Weitere Einzelheiten siehe Rz 25 dieses Beitrages.
Rz. 11
vorläufig frei
Rz. 12
Gewinnermittlung gem. § 4 Abs. 3 EStG
Die Abgabenordnung und das Einkommensteuergesetz enthalten jedoch keine Verpflichtung zur Führung eines Kassenberichts/Kassenbuchs für die Überschussermittlung nach § 4 Abs. 3 EStG. Gemäß § 22 Abs. 2 Nr. 1 UStG sind zwar u. a. auch die vereinnahmten Entgelte aufzuzeichnen und nach § 63 Abs. 1 UStDV müssen diese Aufzeichnungen so beschaffen sein, dass es einem sachverständigen Dritten innerhalb einer angemessenen Zeit möglich ist, einen Überblick über die Umsätze des Unternehmens und die abziehbaren Vorsteuer zu erhalten. Eine Regelung, dass vereinnahmte Barentgelte allerdings gesondert in einem Kassenbuch aufzuzeichnen sind, enthält weder §22 UStG noch die UStDV.
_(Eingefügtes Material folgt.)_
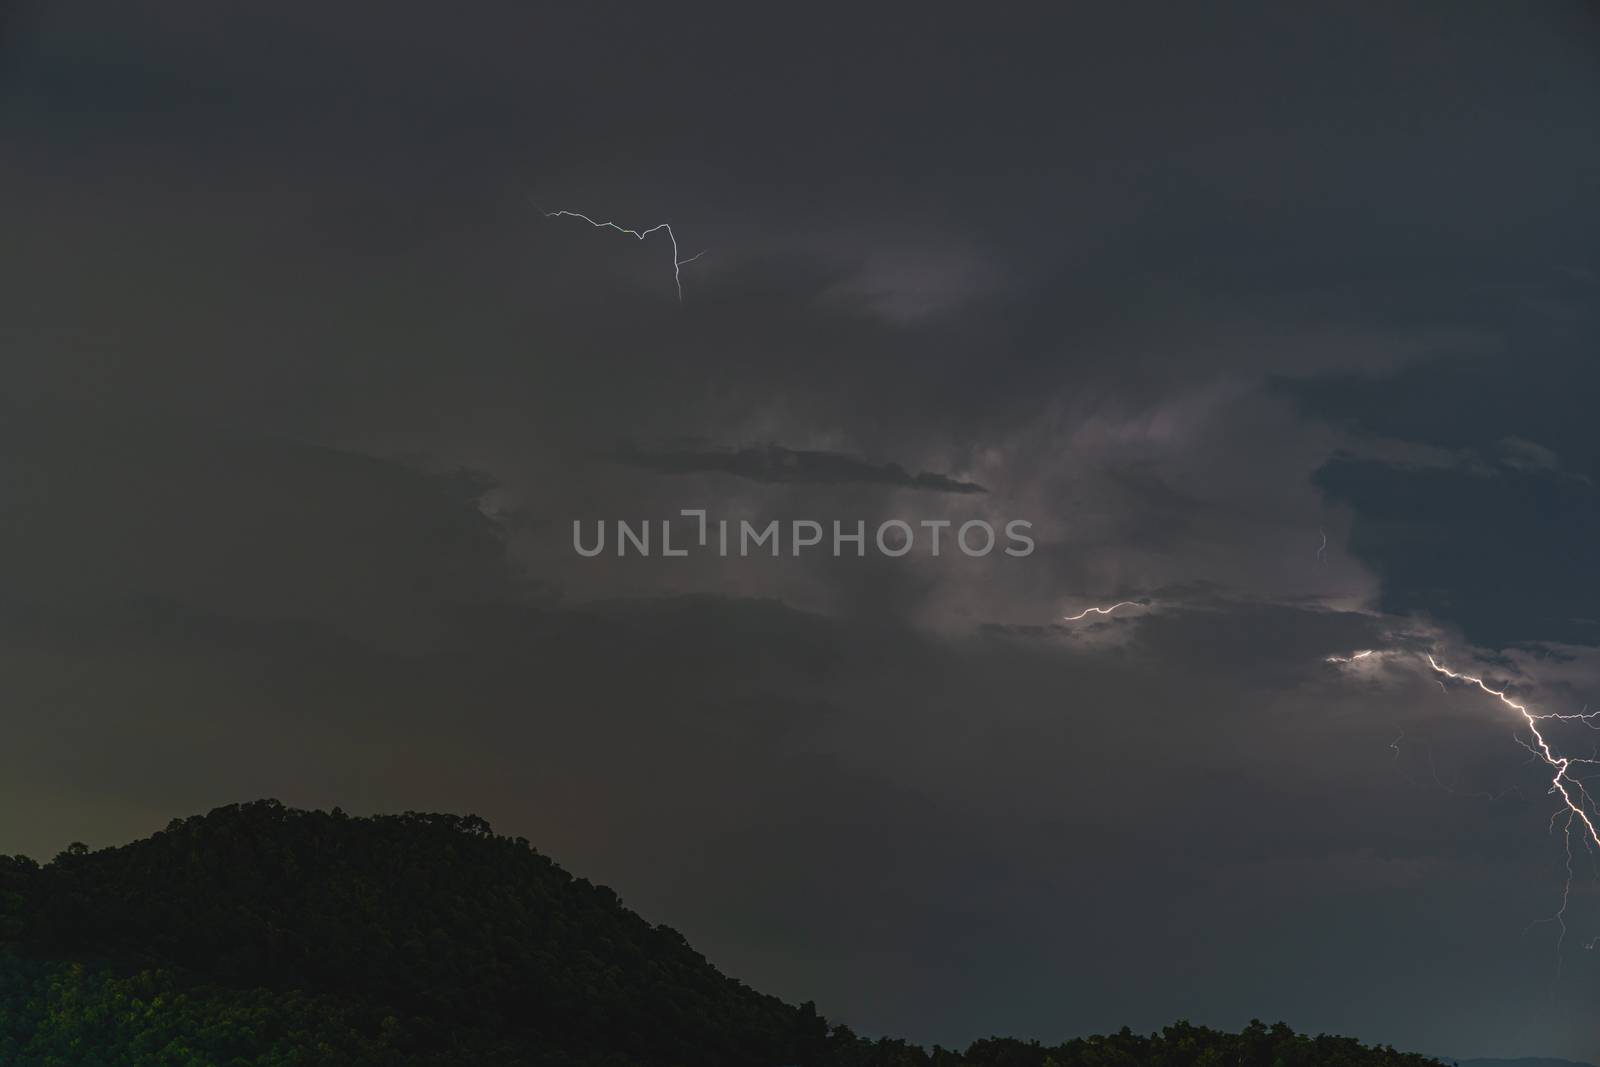 Storm lightning strikes in mountains during a thunderstorm at night. Beautiful dramatic view by peerapixs

Dementsprechend setzt die Überschussrechnung voraus, dass die Betriebseinnahmen und Betriebsausgaben durch Aufzeichnungen oder Belege nachgewiesen werden. Auch Steuerpflichtige, die den Gewinn nach § 4 Abs. 3 EStG ermitteln, sind verpflichtet, die ihre Gewinnermittlung zu Grunde liegenden Belege aufzubewahren und deren vollständige Erfassung zu gewährleisten. Eine solche Aufbewahrungspflicht ergibt sich in der Regel aus § 147 AO, aber auch aus der den Steuerpflichtigen obliegenden Feststellungslast.
Soweit der Steuerpflichtige die nach § 22 UStG und § 63 UStDV erforderlichen Aufzeichnungen digital unter Verwendung eines modernen PC-Kassensystems vornimmt, dass sowohl sämtliche Kassenvorgänge einzeln und detailliert aufzeichnet als auch eine langfristige Aufbewahrung ermöglicht, sind diese digitalen Aufzeichnungen nach § 147 Abs. 1 Nr. 1 AO aufbewahrungspflichtig.
In Fällen, in denen Steuerpflichtigen eine Einzelaufzeichnungspflicht nicht zugemutet werden kann, muss die Einnahmeermittlung – etwa bei Einsatz von Registrierkassen durch Erstellung und Aufbewahrung der Kassenendsummenbons – nachvollziehbar dokumentiert und überprüfbar sein. Die ggf. freiwillige und im eigenen Interesse liegende Aufbewahrung aller Belege ist im Regelfall notwendige Voraussetzung für den Schluss, dass nicht nur die geltend gemachten Betriebsausgaben als durch den Betrieb veranlasst angesehen werden, sondern auch die Betriebseinnahmen vollständig erfasst sind. Nur bei Vorlage geordneter und vollständiger Belege verdient eine Einnahmen-Überschussrechnung Vertrauen und kann für sich die Vermutung der Richtigkeit in Anspruch nehmen.